Foto kedua dengan caption “Ahmad Siswo Sarjono. Ayah Boediono”. Berita ini juga menceritakan tentang ayah Boediono, sehingga foto ini mendukung penonjolan tentang ayah Boediono. Foto tersebut untuk mendukung konstruksi bahwa ayah Boediono adalah seorang yang intelek. Kalimat tersebut ada di paragraf delapan yakni “... ayahnya sebagai sosok amat intelek. ... Foto ayah mereka semasa muda lebih mirip sarjana lulusan Belanda, bukan pedagang batik dari Blitar.” Foto ketiga dengan caption “Rumah Boediono di Jalan Wahidin Kota Blitar.” Hal ini untuk mendukung gambaran tentang keluarga Boediono saat tinggal di Blitar. Rumah itu terlihat sederhana untuk mengonstruksi Boediono memang lahir dan tumbuh dalam lingkungan keluarga yang sederhana.

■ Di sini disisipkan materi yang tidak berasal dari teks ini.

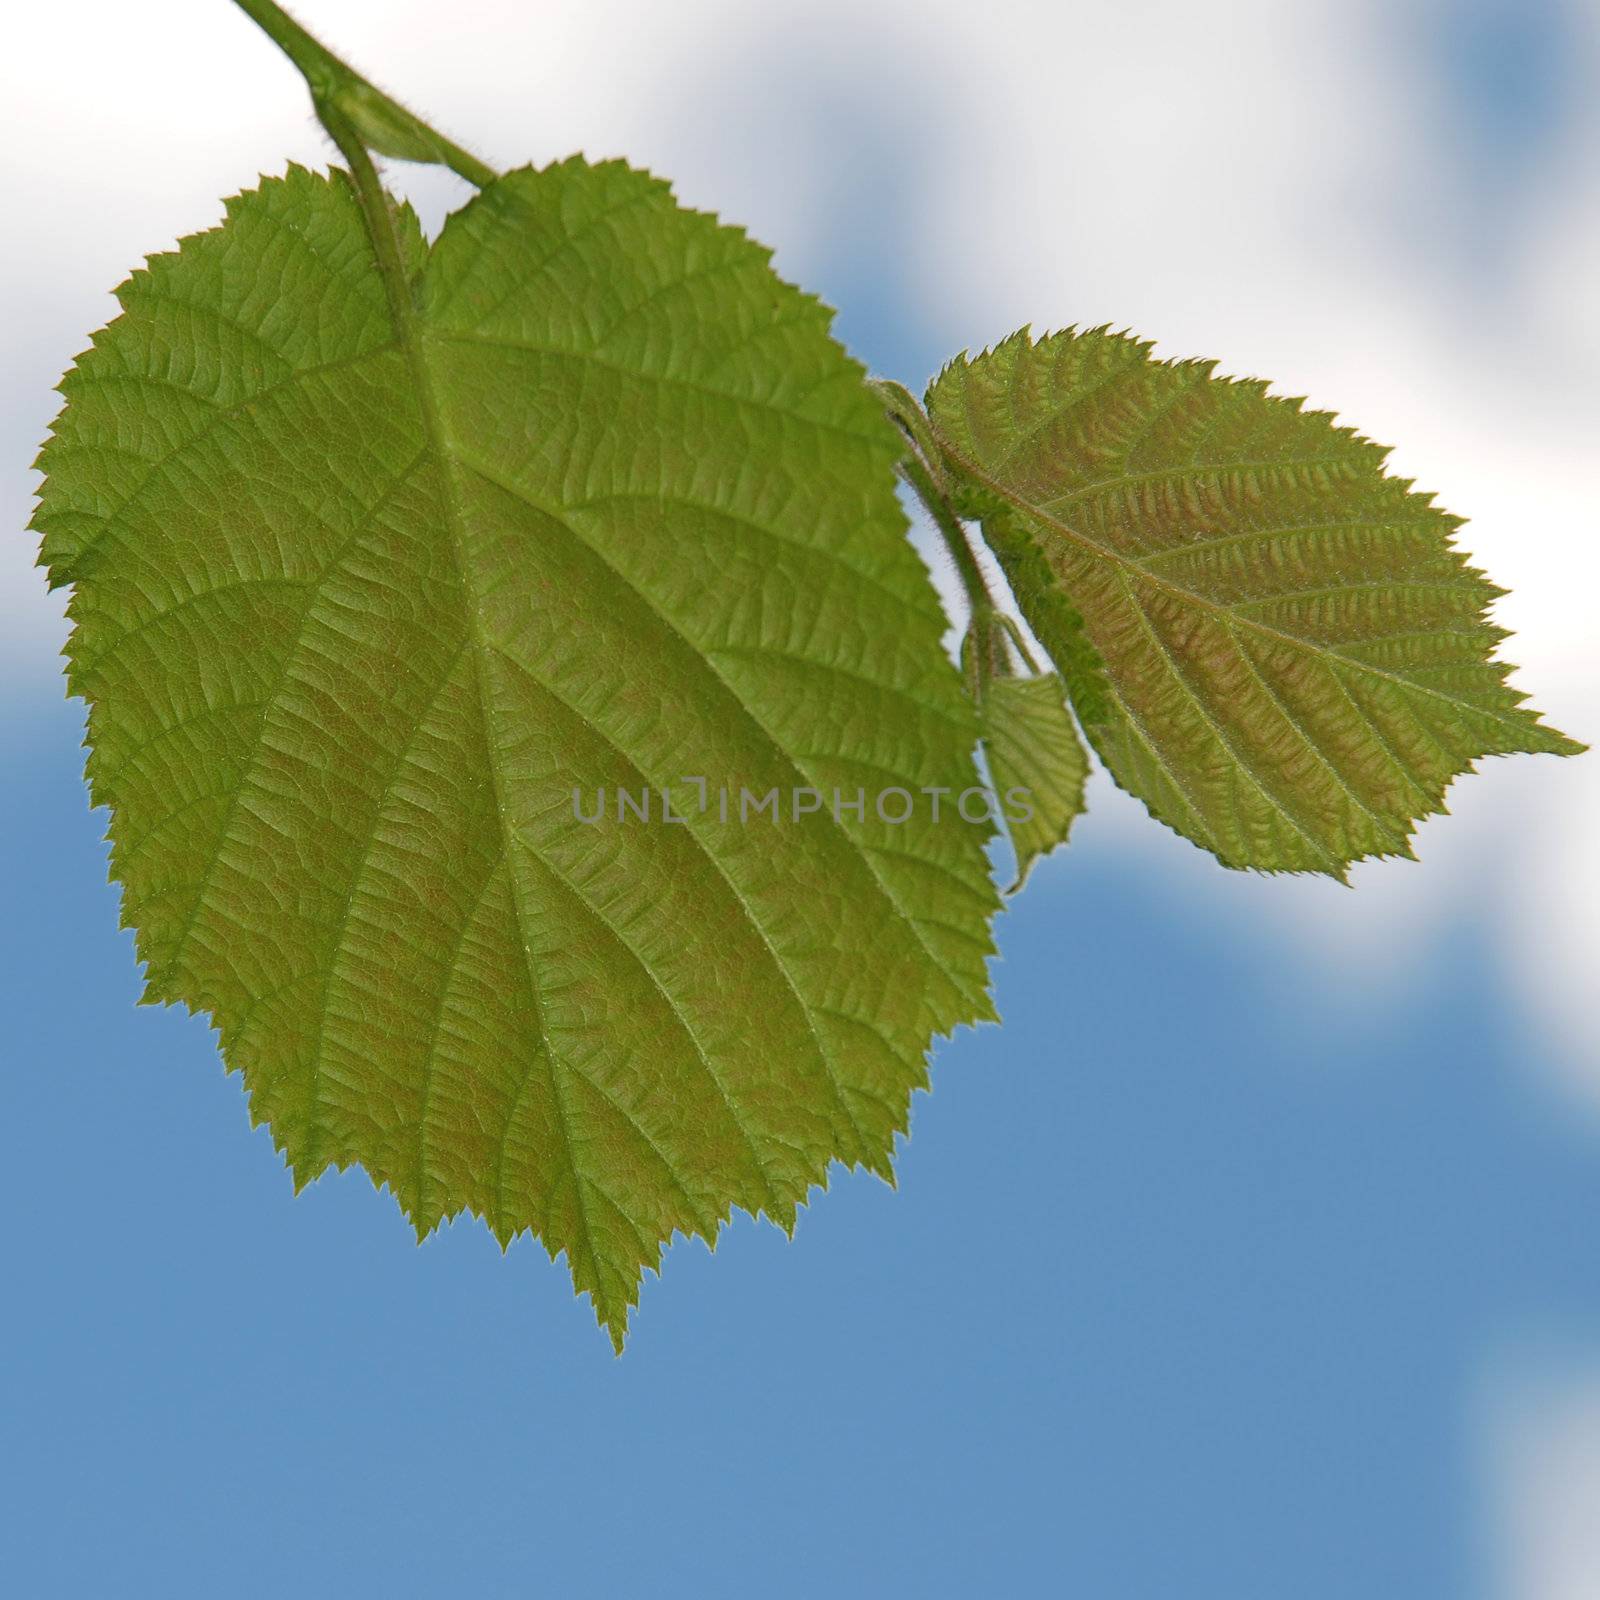 Green leaf on blue sky background

Penggunaan gaya bahasa Jawa terdapat pada paragraf 16 ”Mboten kepanggih, Ndoro”. Hal tersebut digunakan untuk mendukung konstruksi bahwa keluarga Boediono Penggunaan gaya bahasa Jawa terdapat pada paragraf 16 ”Mboten kepanggih, Ndoro”. Hal tersebut digunakan untuk mendukung konstruksi bahwa keluarga Boediono

D.2.e. Konstruksi Kepemimpinan Boediono di Berita II

Boediono dikonstruksikan sebagai seorang pahlawan yang membanggakan bagi keluarganya. Hal tersebut dilihat dari kemampuan Boediono memenuhi harapan keluarganya untuk bisa berkuliah ke luar negeri. Keluarga Boediono dikostrusikan sangat mengutamakan pendidikan bagi anak-anaknya. Ayah Boediono menerapkan pendidikan dngan ketat. Ketatnya pendidikan tersebut terbawa hingga Boediono dewasa. Saat menjalani pendidikan di sekolah dasar, Boediono menjalani pendidikan di sekolah yang sederhana. Boediono sejak kecil dididik unuk menyayangi saudaranya dan telah diberi pembagian tugas agar menjadi orang yang bertanggungjawab.